Lionel Shriver est une romancière américaine qui a l’art d’aborder les sujets qui fâchent sans détour, voire même avec une certaine forme de radicalité. Le politically incorrect est pour elle une véritable marque de fabrique. On se souvient du choc de lecture provoqué par son roman, « Il faut qu’on parle de Kevin », lauréat de l’Orange Prize 2005 . Elle y dénonçait les défaillances du système d’éducation américain à travers le personnage d’un enfant psychopathe, tueur de masse et sa relation conflictuelle avec sa mère.
Elle revient aujourd’hui avec un roman sur toutes les obsessions que nos sociétés développent autour du rapport à la nourriture, que ce soit à travers ses excès ou ses restrictions.
Pour avoir perdu son frère Greg des suites d’une obésité morbide, l’auteur connaît plus que bien son sujet.

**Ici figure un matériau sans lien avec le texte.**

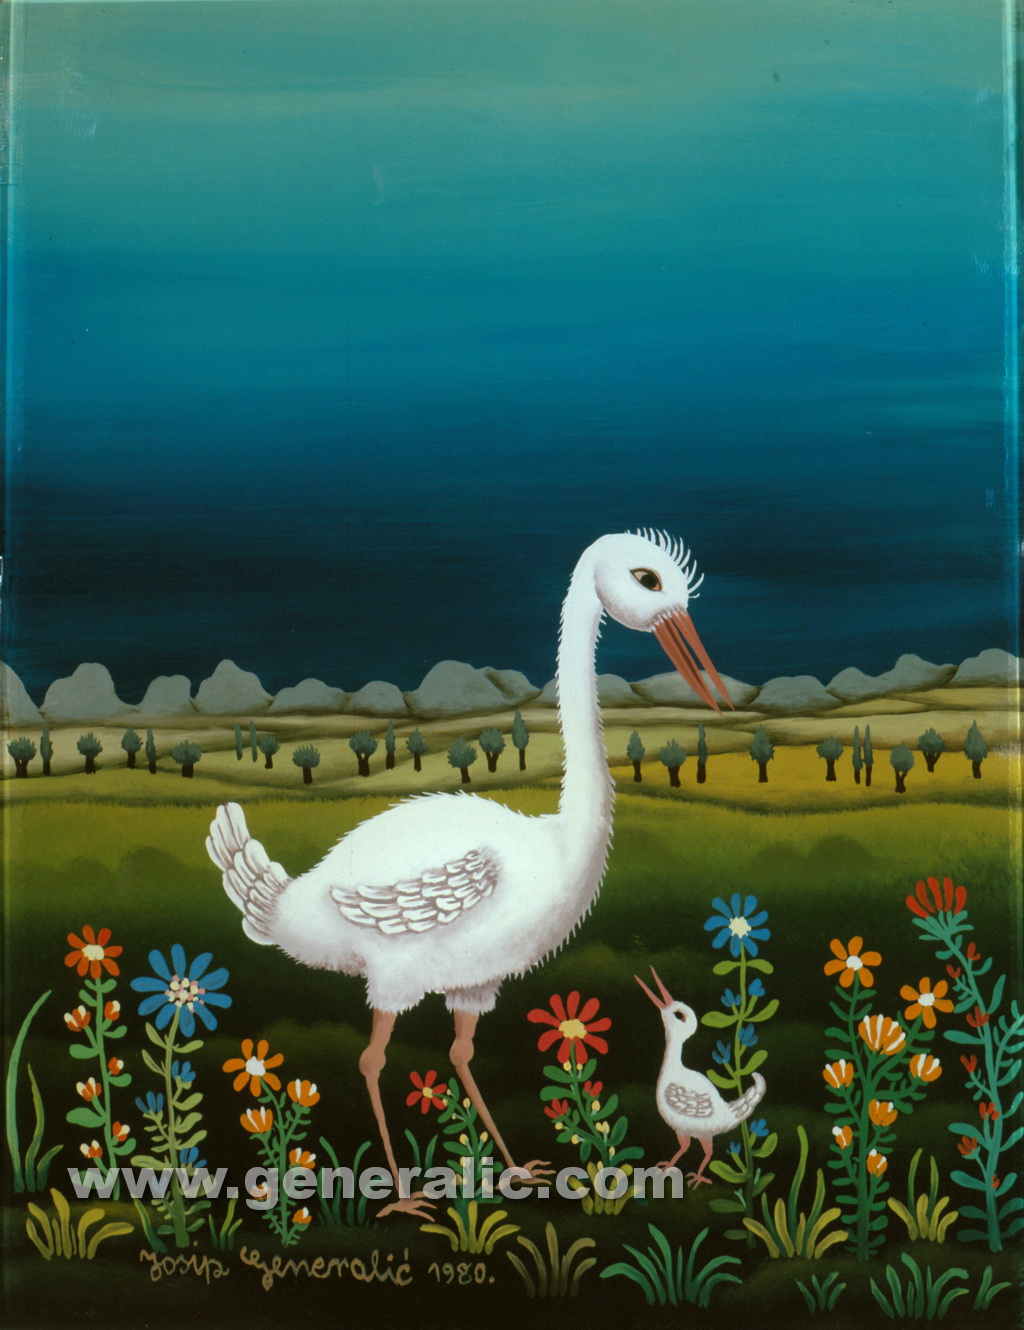 Josip Generalic, 1980, Two white birds, oil on glass, 19x12 cm

Et quand la question qui se trouve au cœur de son livre est de savoir si pour sauver un proche de la spirale du surpoids on doit prendre le risque d’un éclatement de la cellule familiale, on se dit que ce texte exprime peut-être une forme de culpabilité de ne pas avoir réussi à sauver son frère des conséquences mortelles de sa maladie. Très inspiré de son histoire personnelle, ce texte n’est en rien un récit, c’est un roman où Edison le frère de l’héroïne emprunte à Greg le frère de l’auteure ses problèmes de poids et à son mari son métier de jazzman. Pour le reste tout est fiction.

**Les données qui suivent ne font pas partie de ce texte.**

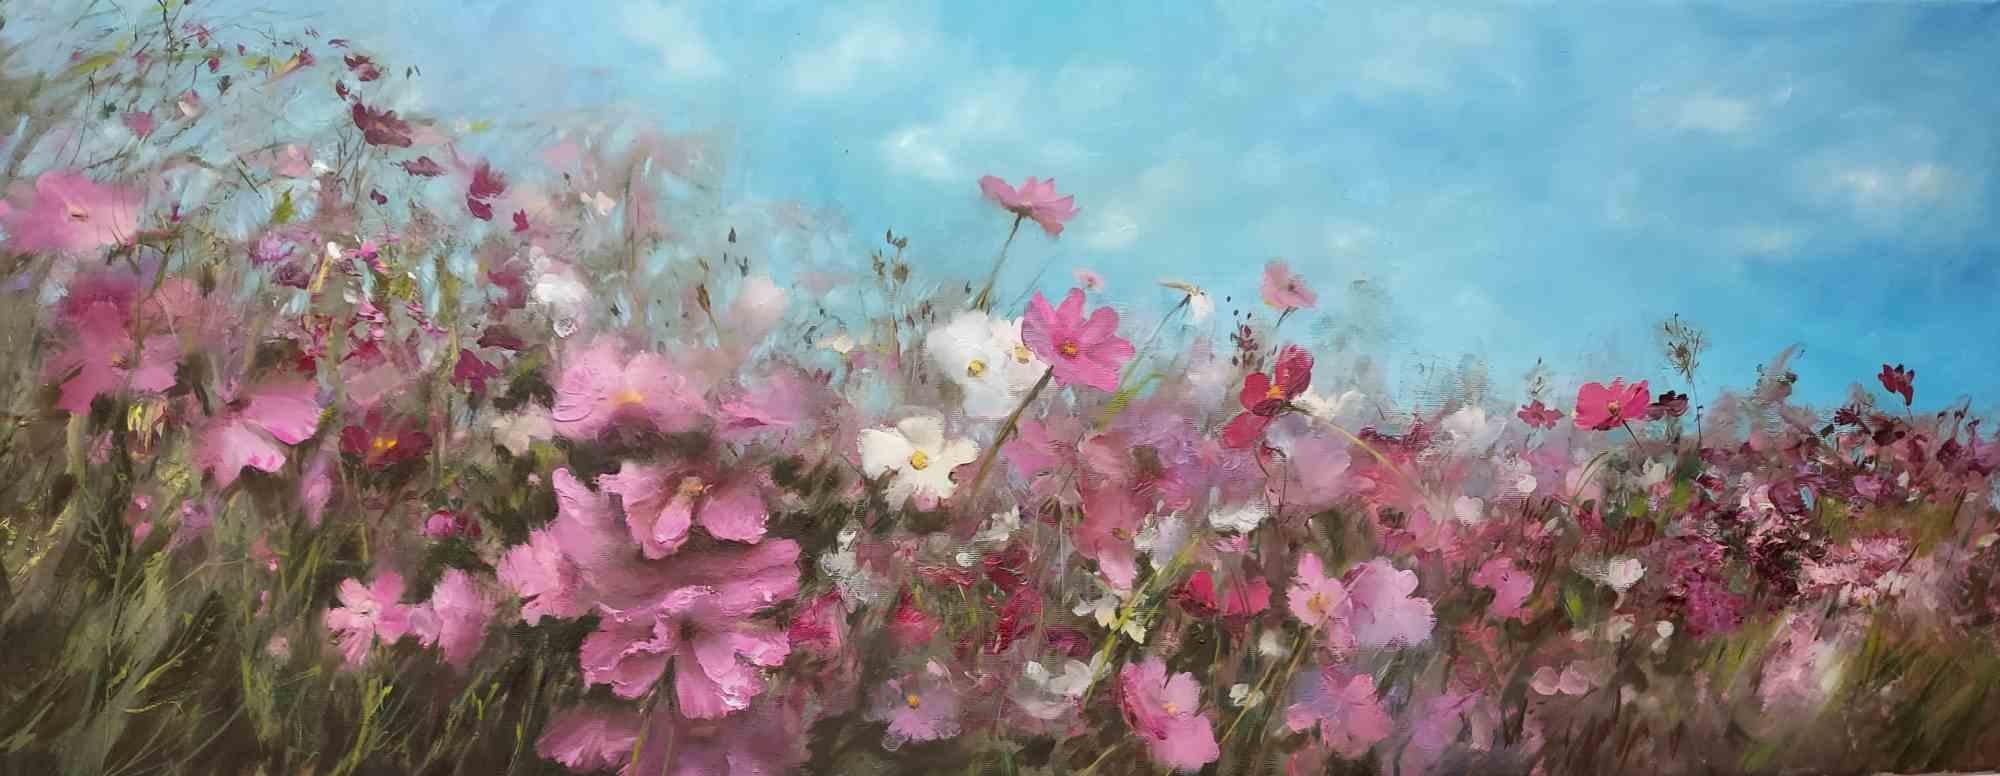 Big Bush of Cosmos Flowers - Oil Paint by Elena Mardashova - 2020

Pandora, la quarantaine, est la femme de toutes les réussites. La société qu’elle dirige lui apporte argent et même renommée ; elle a épousé Fletcher qui a deux beaux enfants et ce mariage est un modèle de famille recomposée avec succès. Quand elle propose à son frère Edison de l’héberger, alors qu’il se trouve dans une mauvaise passe et totalement démuni, elle est loin d’imaginer qu’en allant le chercher à l’aéroport, alors qu’elle ne l’a pas vu depuis quatre ans, elle va le retrouver avec cent kilos de plus. Elle peine à reconnaître dans cet homme obèse celui qui, quelques années auparavant, était encore mince et flamboyant. Sachant que Fletcher son mari est un « control freaks » de la nourriture, obsédé de diététique et de santé, Pandora craint le pire et elle a bien raison. C’est tout son équilibre familial qui va être remis en question. Alors pour sauver ce frère qu’elle aime et dont elle a toujours été fière, elle fait le choix de tous les dangers pour elle, son couple, sa famille, son boulot…

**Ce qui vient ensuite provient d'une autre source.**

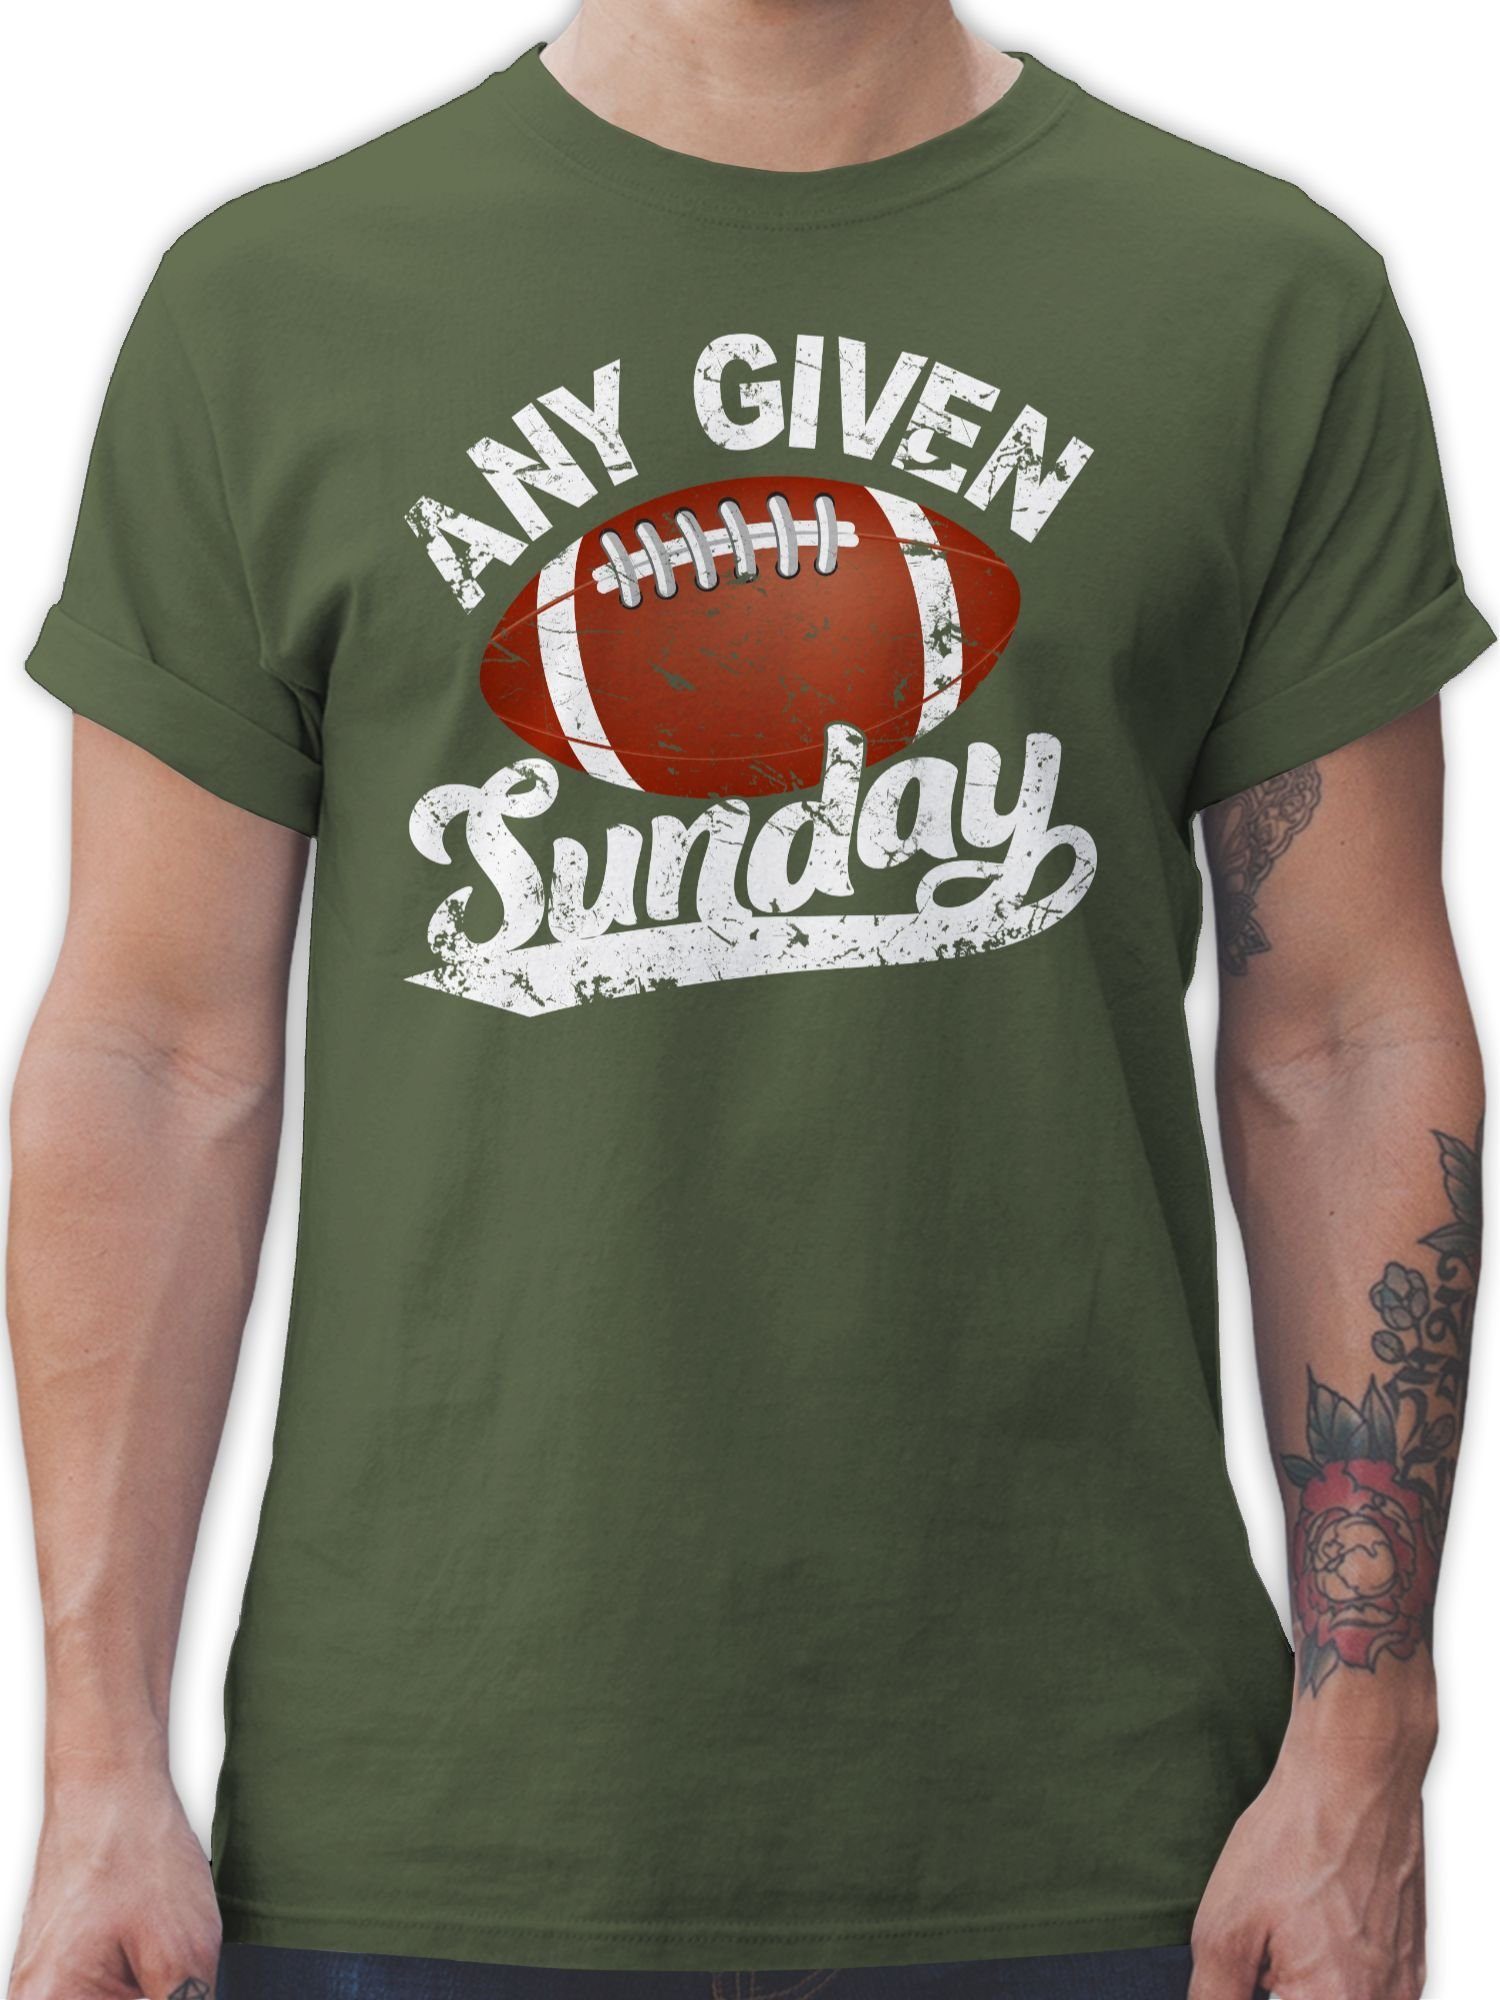 Shirtracer T-Shirt Any given Sunday mit Football weiß American Football NFL 03 Army Grün

Dans la Bible Genèse 4.9 il y a un passage qui résume le propos du livre: « l’Eternel dit à Caïn : où est ton frère Abel ? ; il répondit : je ne sais pas ; suis-je le gardien de mon frère ? » Cette dernière question est sans doute celle à laquelle Lionel Shriver tente de répondre tout au long du roman. Car si le thème du rapport au corps et à la nourriture lui offre un socle pour des réflexions passionnantes, celui de l’amour fraternel y est tout aussi essentiel voire même central. En fait c’est autant une histoire de « Brother » que de « Big ». En exergue de son livre, Lionel Shriver a choisi un titre du Daily Telegraph: « Une personne sur trois changerait un an de sa vie pour un corps parfait ». Et pour sauver un frère, serions-nous prêts à changer un an de notre vie? Avec ce regard acide et ce ton percutant qui n’appartiennent qu’à elle, Lionel Shriver nous livre un texte d’une rare férocité et d’une redoutable efficacité. Elle a un vrai talent pour les dialogues qui claquent et pour ouvrir notre appétit de lecture. Pour preuve, ce livre on l’engloutit d’une traite.